After bad-mouthing Lattice for dropping support for the USB programming interface to their iCEblink40 demo card, I got down to the business of coding my VFD Driver test board test driver.
For those who are insistent about using open-source code to the exclusion of all commercial products, there is an open-source toolchain for the iCE40 series of FPGA: Project IceStorm. That's really cool. If I was looking for an interesting hobby project this might be one, but I already have way too many irons in the fire as it is. Thus I'm using the Lattice-provided IceCube2 development environment.
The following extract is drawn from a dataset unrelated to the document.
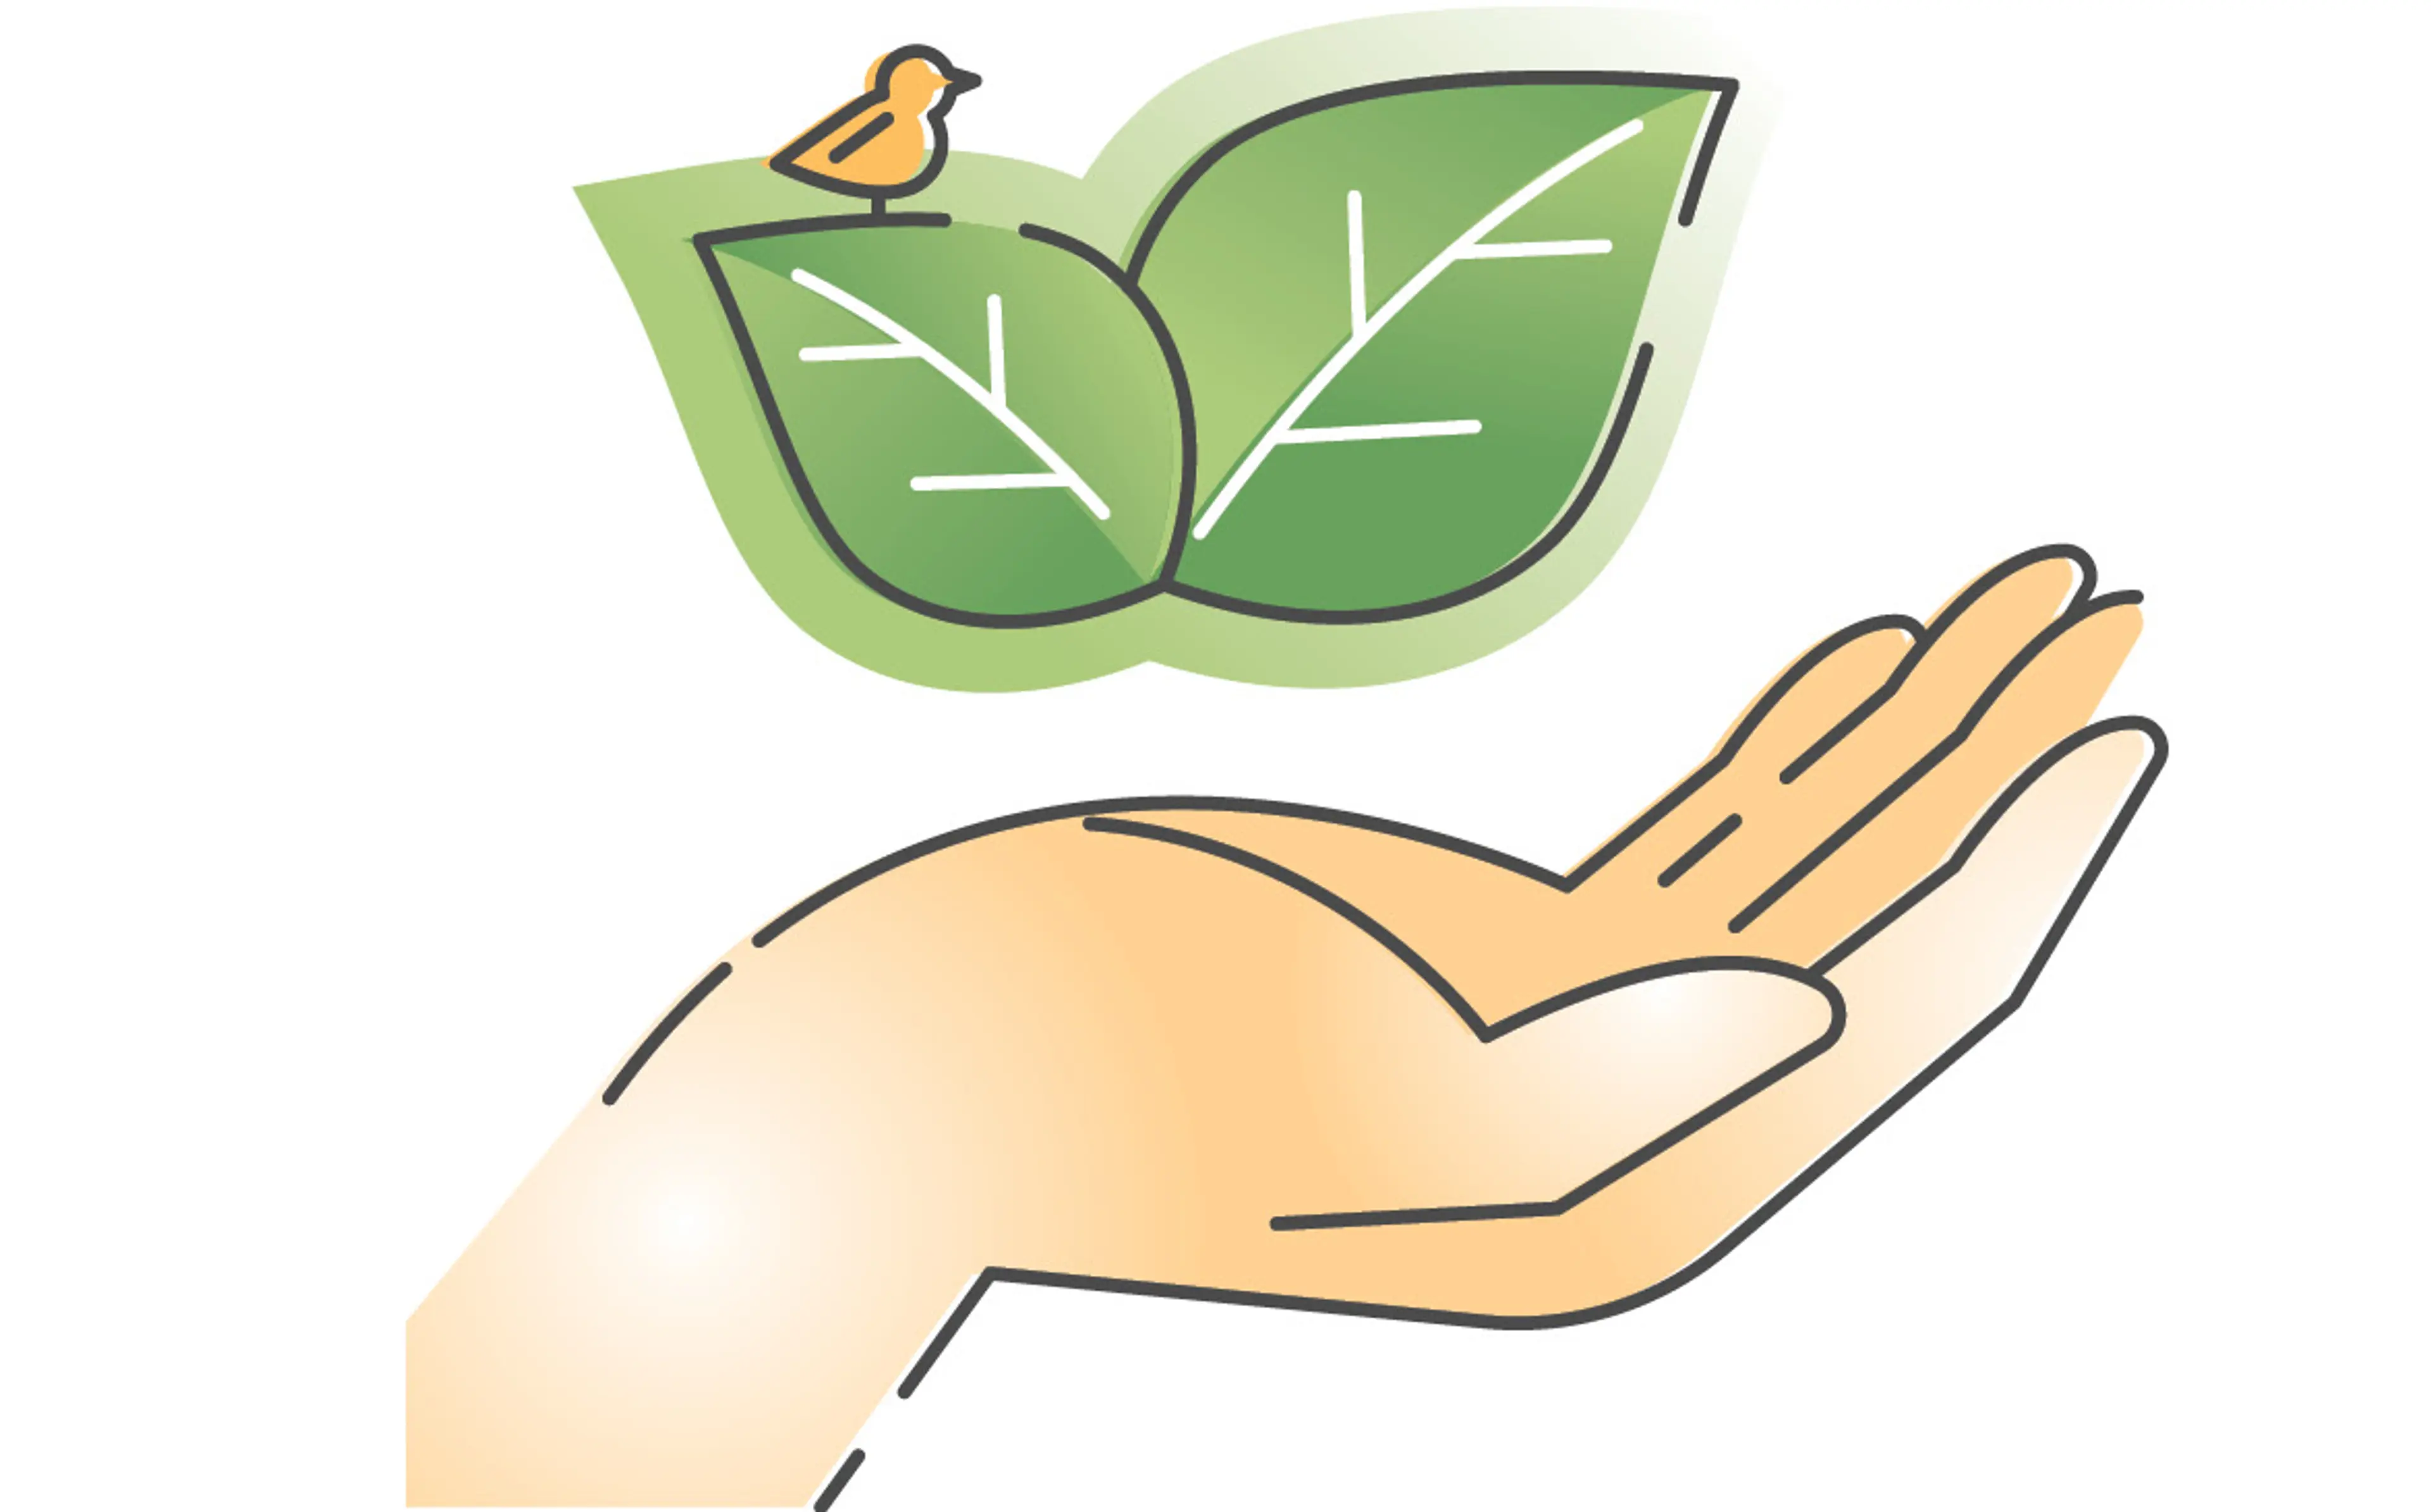 Illustrasjon avblader med fugl som svever over åpen hånd

IceCube2 is a fairly simple wrapper around your choice of two synthesis tools: the Lattice Synthesis Engine (LSE) and Synopsys Synplify Pro. LSE is part of the basic (free) license, while it appears that Synplify requires an extra-cost license. A "performance limited" version of Aldec Active-HDL is provided for simulation and debugging. Active-HDL is a major player in the Verilog/VHDL simulation market, and even the cripple-ware version appears to be on par with Xilinx Isim.
Normally I'd be saying "But Active-HDL won't run under Linux!" at this point, but I found a listing for it in the WineHQ database that gives it a Platinum rating. For non-geeks that means it appears to run very well under the Windows emulation environment in Linux.
I haven't tried to synthesize anything yet, but I may reconsider whether I want to put a Spartan-6 LX4 or an iCE40-HX4K in my calculator rebuild.